= The input =

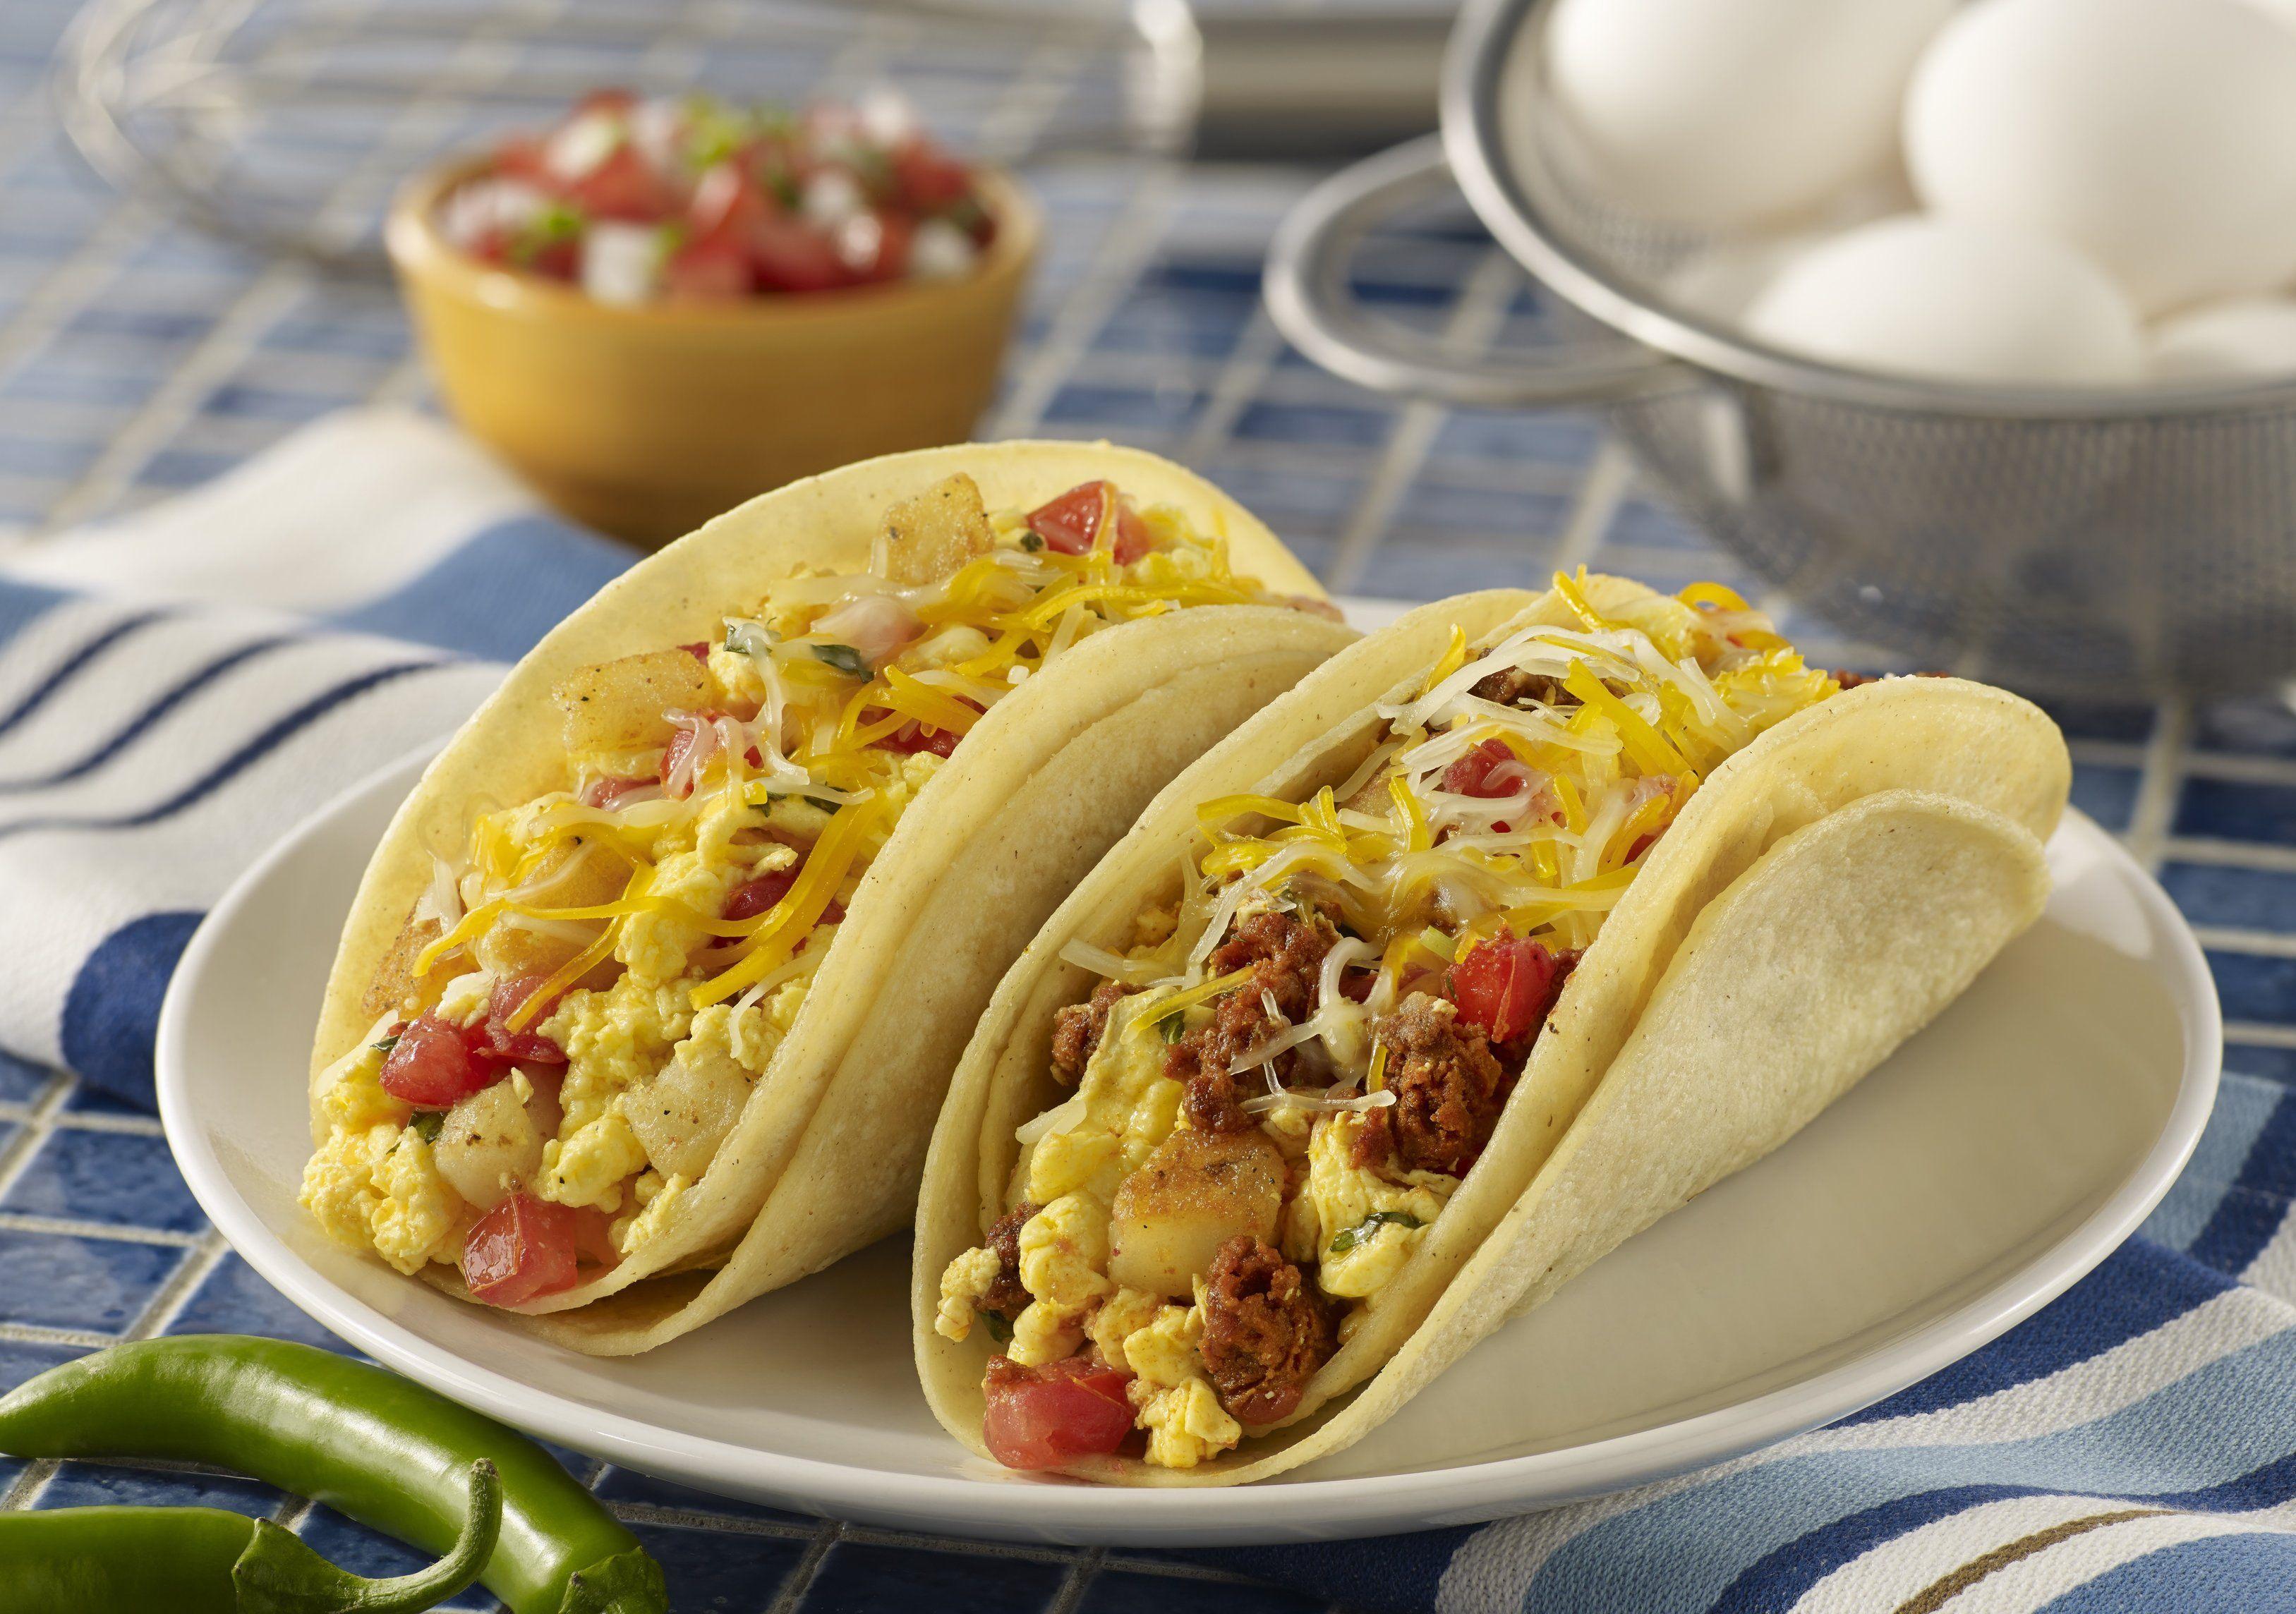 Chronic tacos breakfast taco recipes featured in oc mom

---

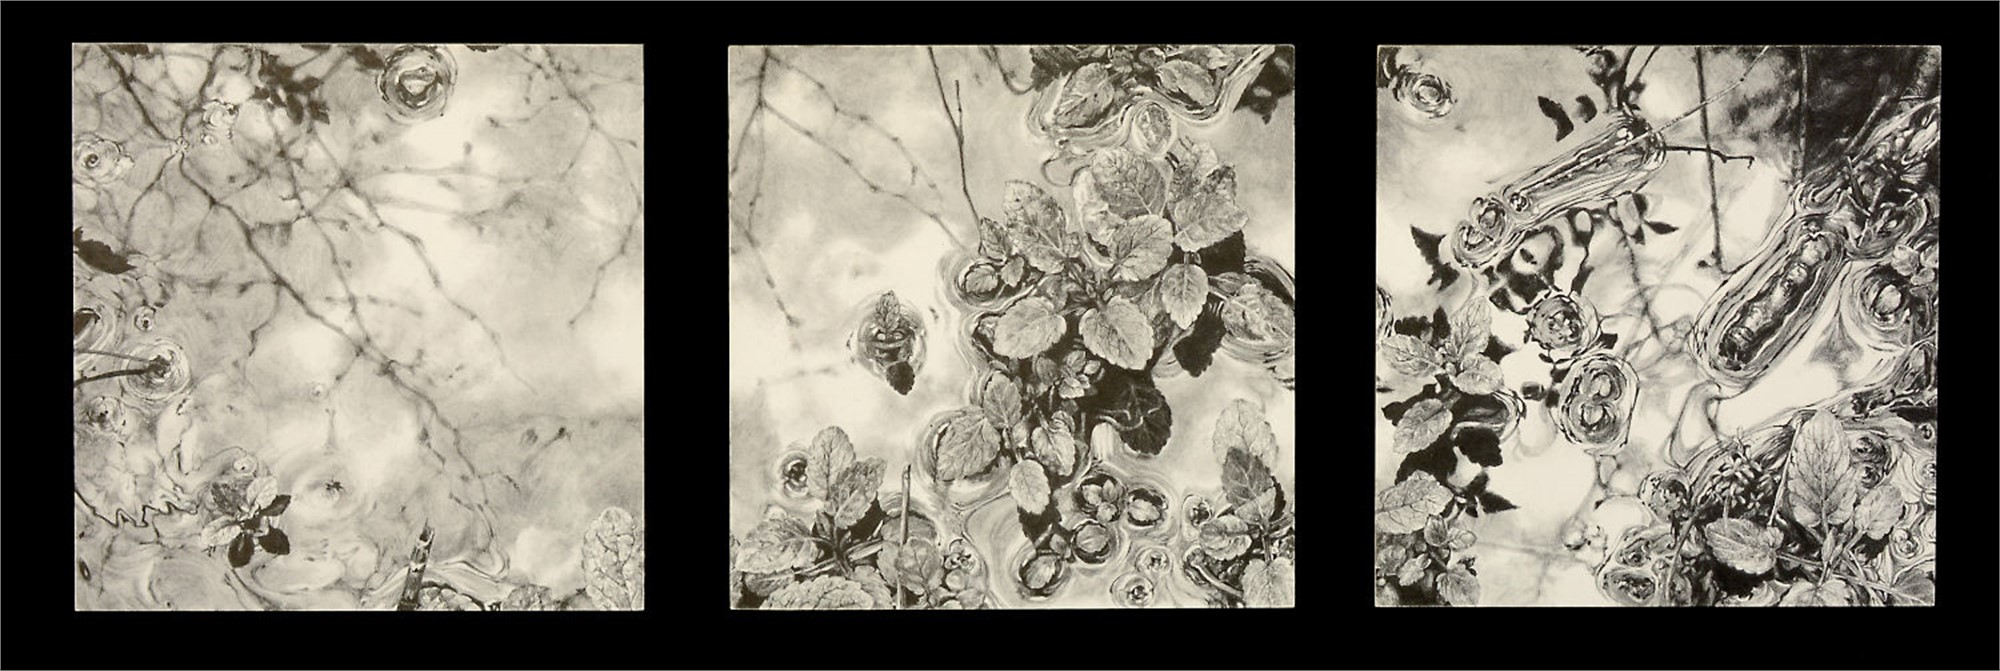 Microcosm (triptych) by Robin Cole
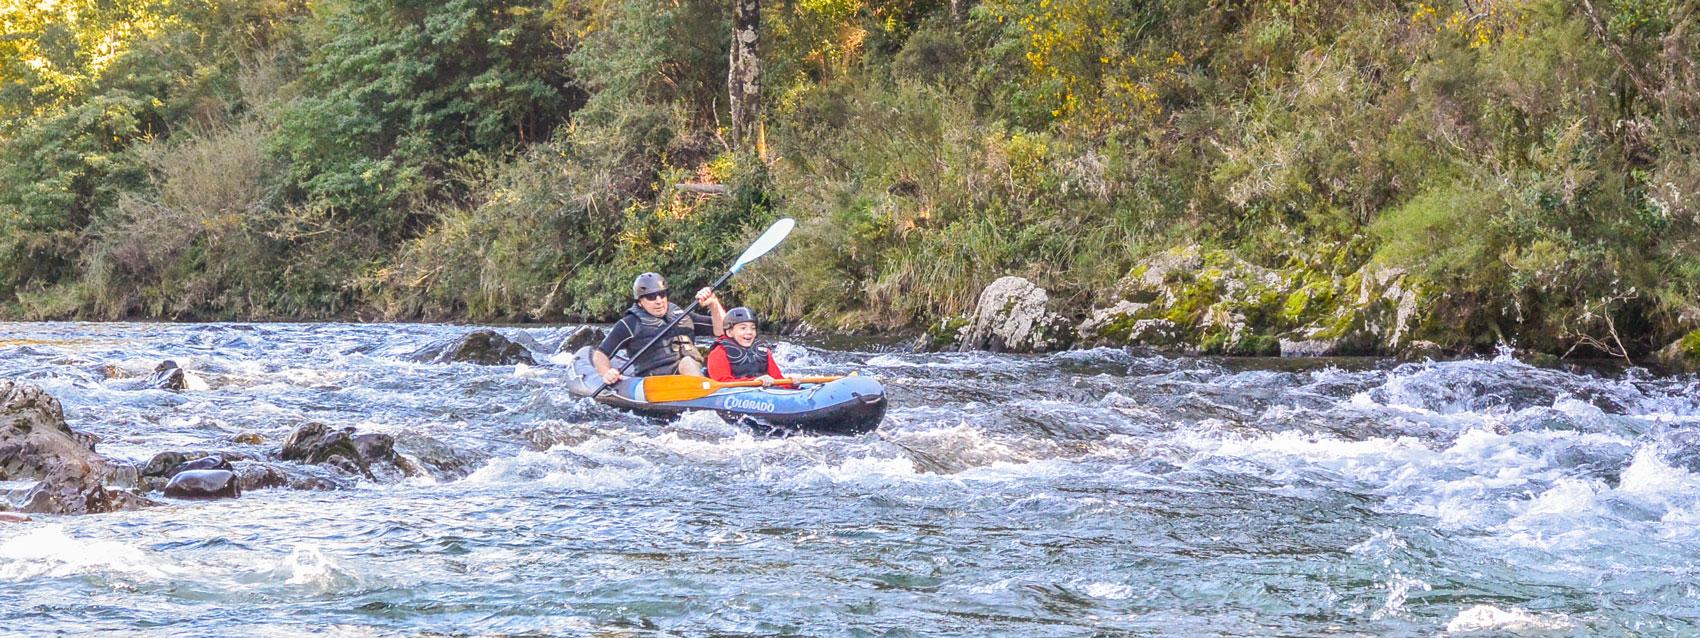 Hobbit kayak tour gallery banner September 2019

= Brief =
Above are the records; return the lines in them from the one with "Microcosm (triptych) by Robin Cole" to the one with "Hobbit kayak tour", inclusive, exactly and without images.

= Answer to this problem =
 Microcosm (triptych) by Robin Cole
 Hobbit kayak tour gallery banner September 2019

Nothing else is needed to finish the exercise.